=== WORK TASK ===
The reply should consist solely of the lines from the one with "シカゴ・ブルズ (Chicago Bulls) ユニフォーム スティーブカー" through the final line of the listing, copied exactly, with no pictures.

=== DATA SHOWN ===

+++++

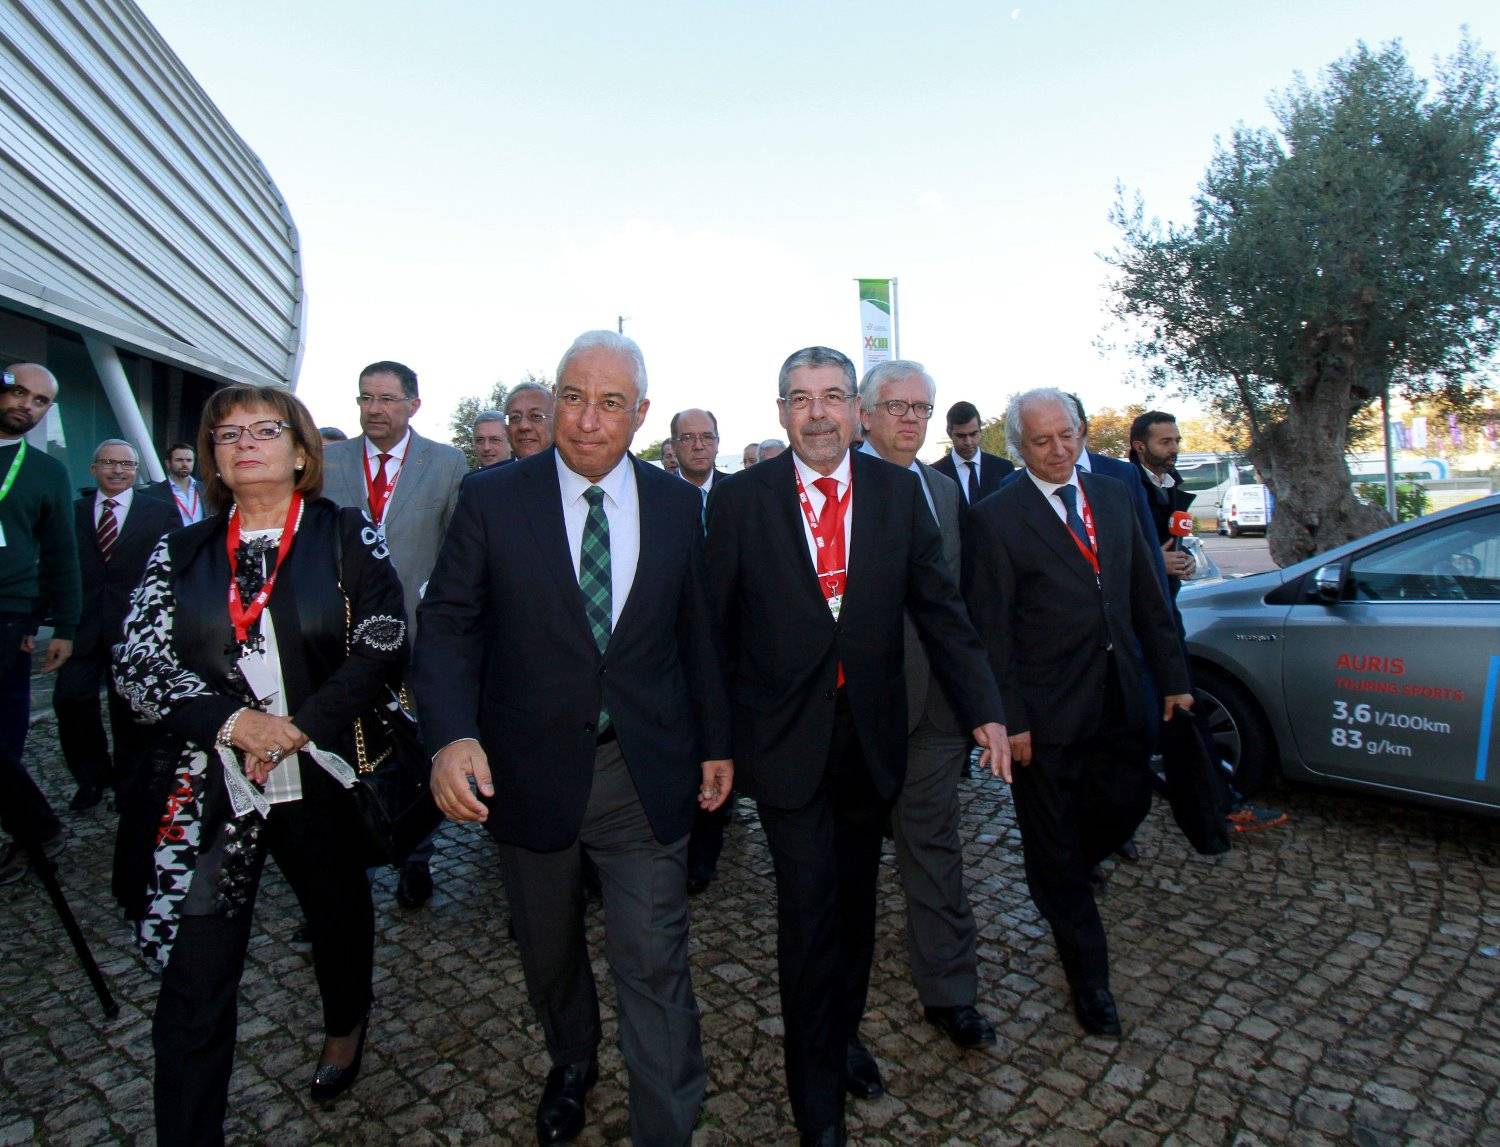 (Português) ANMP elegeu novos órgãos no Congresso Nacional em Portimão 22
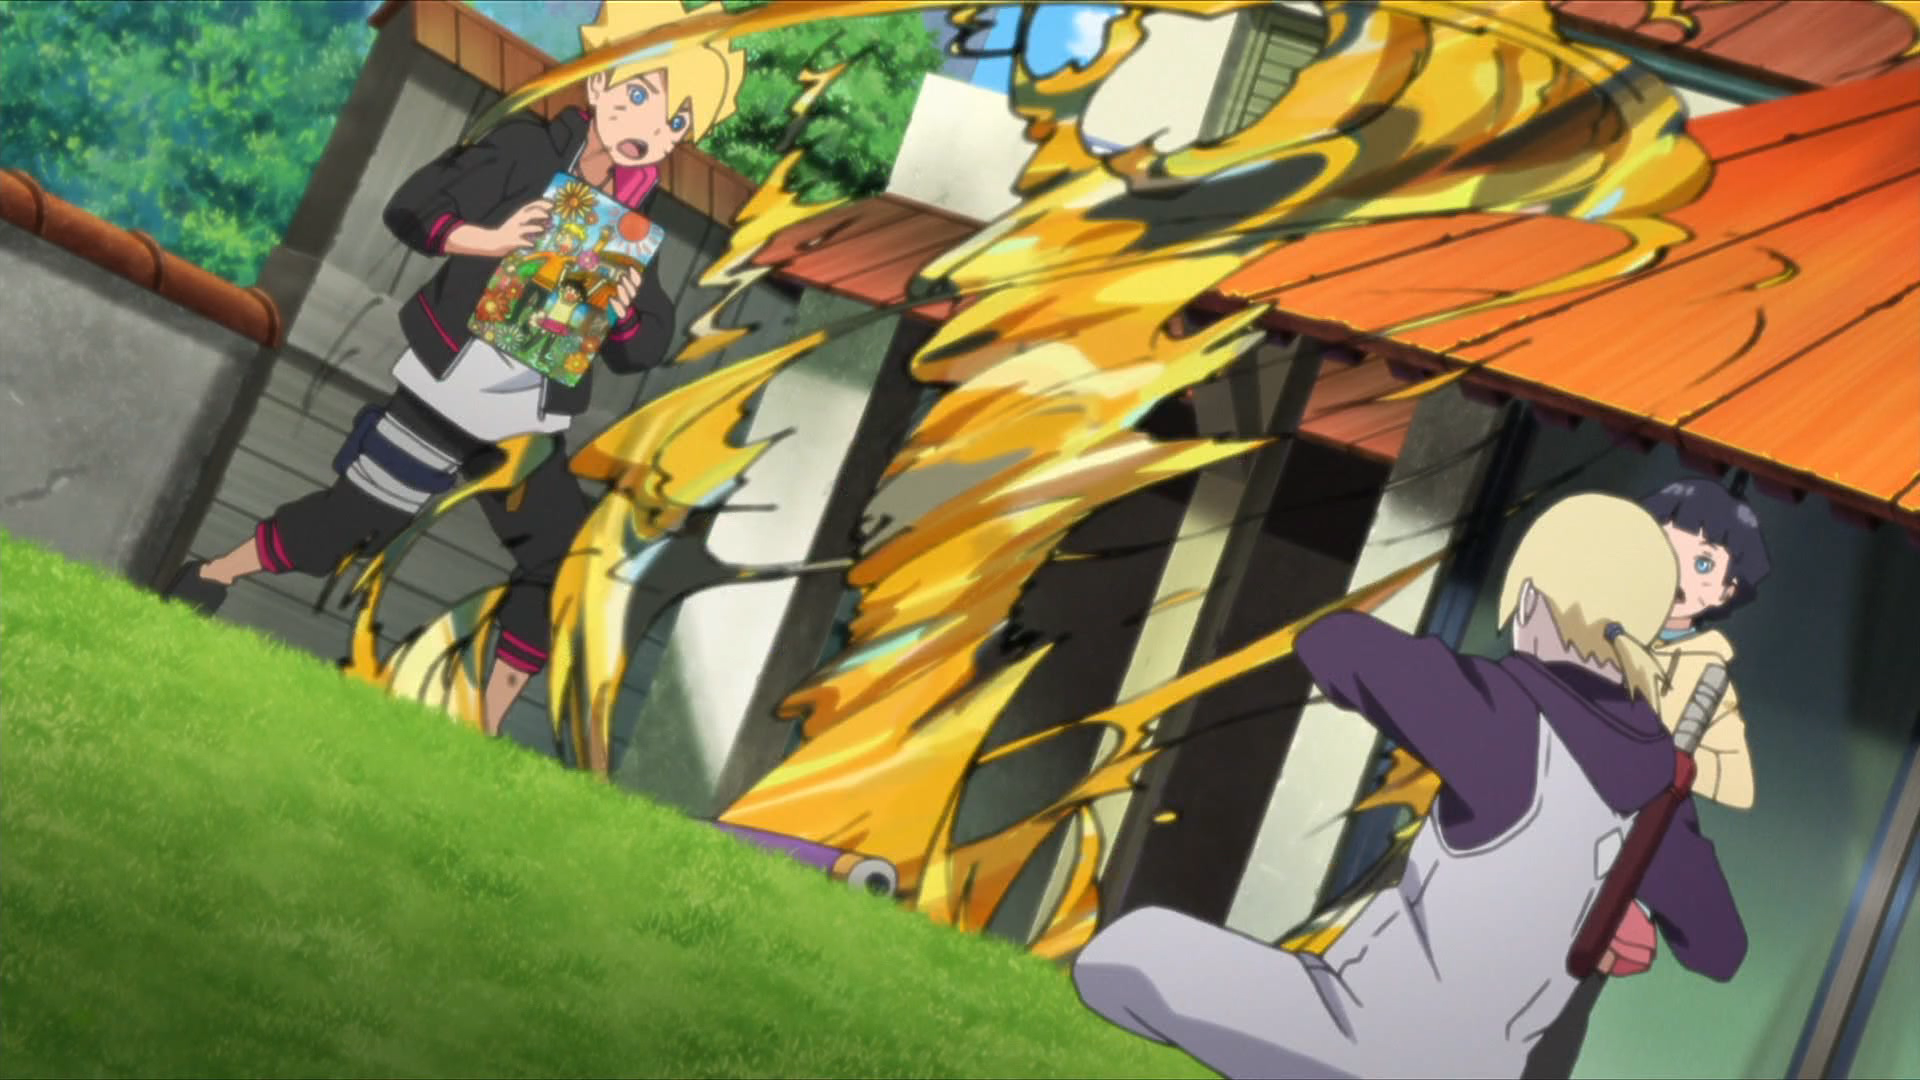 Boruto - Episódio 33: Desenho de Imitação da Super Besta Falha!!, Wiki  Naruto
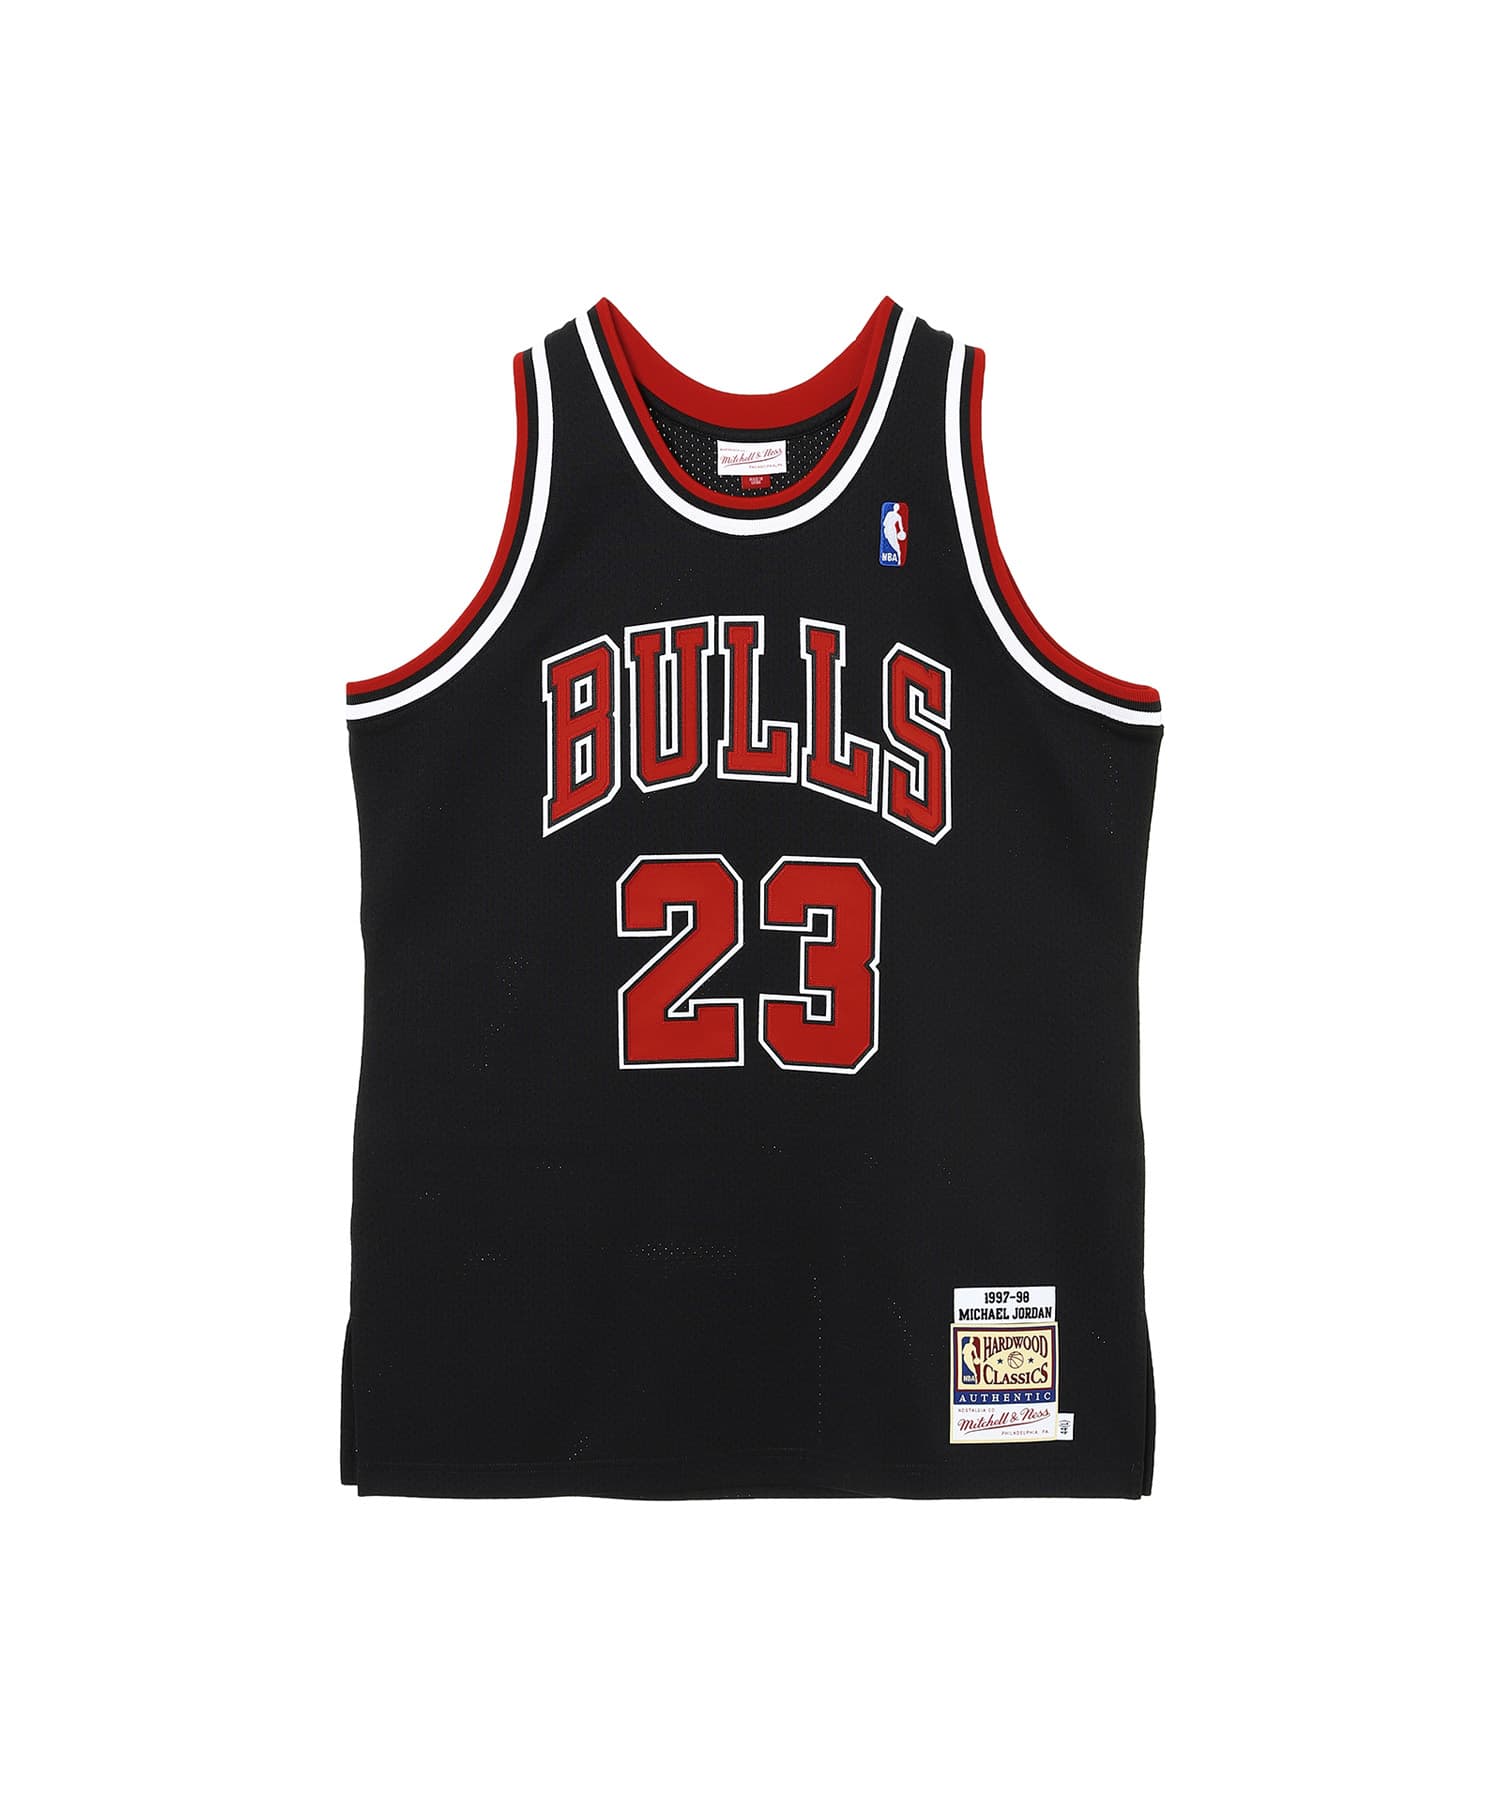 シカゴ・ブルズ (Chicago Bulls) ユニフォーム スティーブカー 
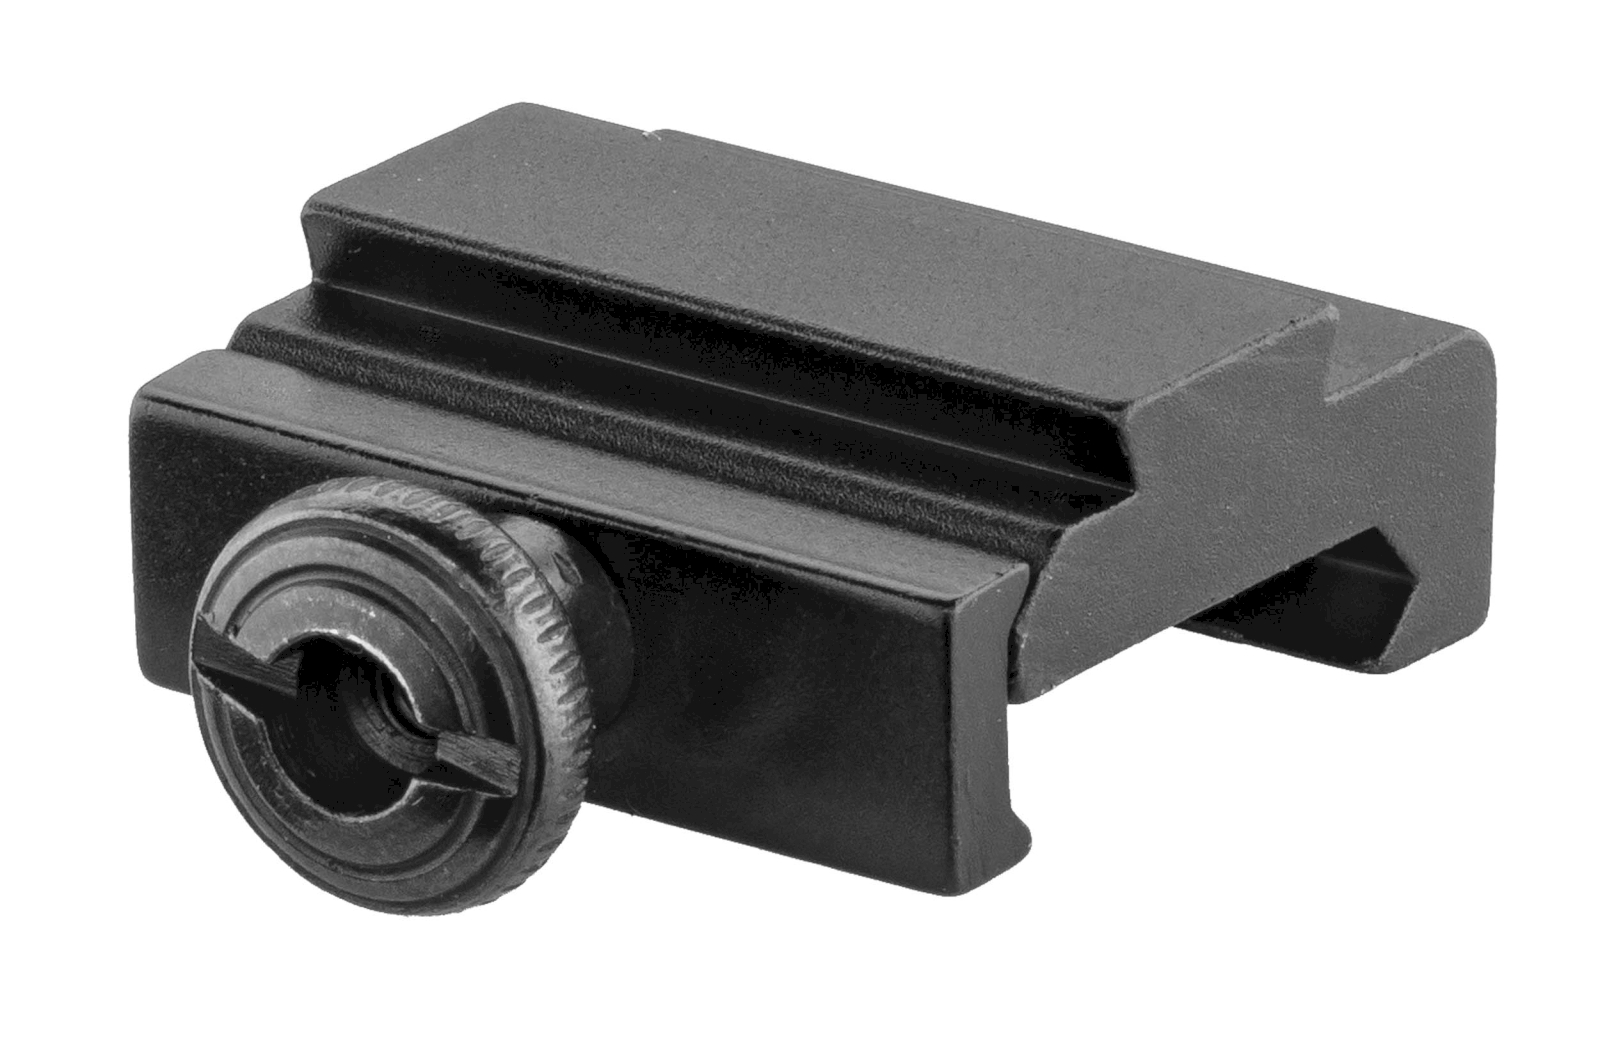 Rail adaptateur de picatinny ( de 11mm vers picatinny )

+++++

=== OUTPUT OF THE TASK ===
 シカゴ・ブルズ (Chicago Bulls) ユニフォーム スティーブカー 
 Rail adaptateur de picatinny ( de 11mm vers picatinny )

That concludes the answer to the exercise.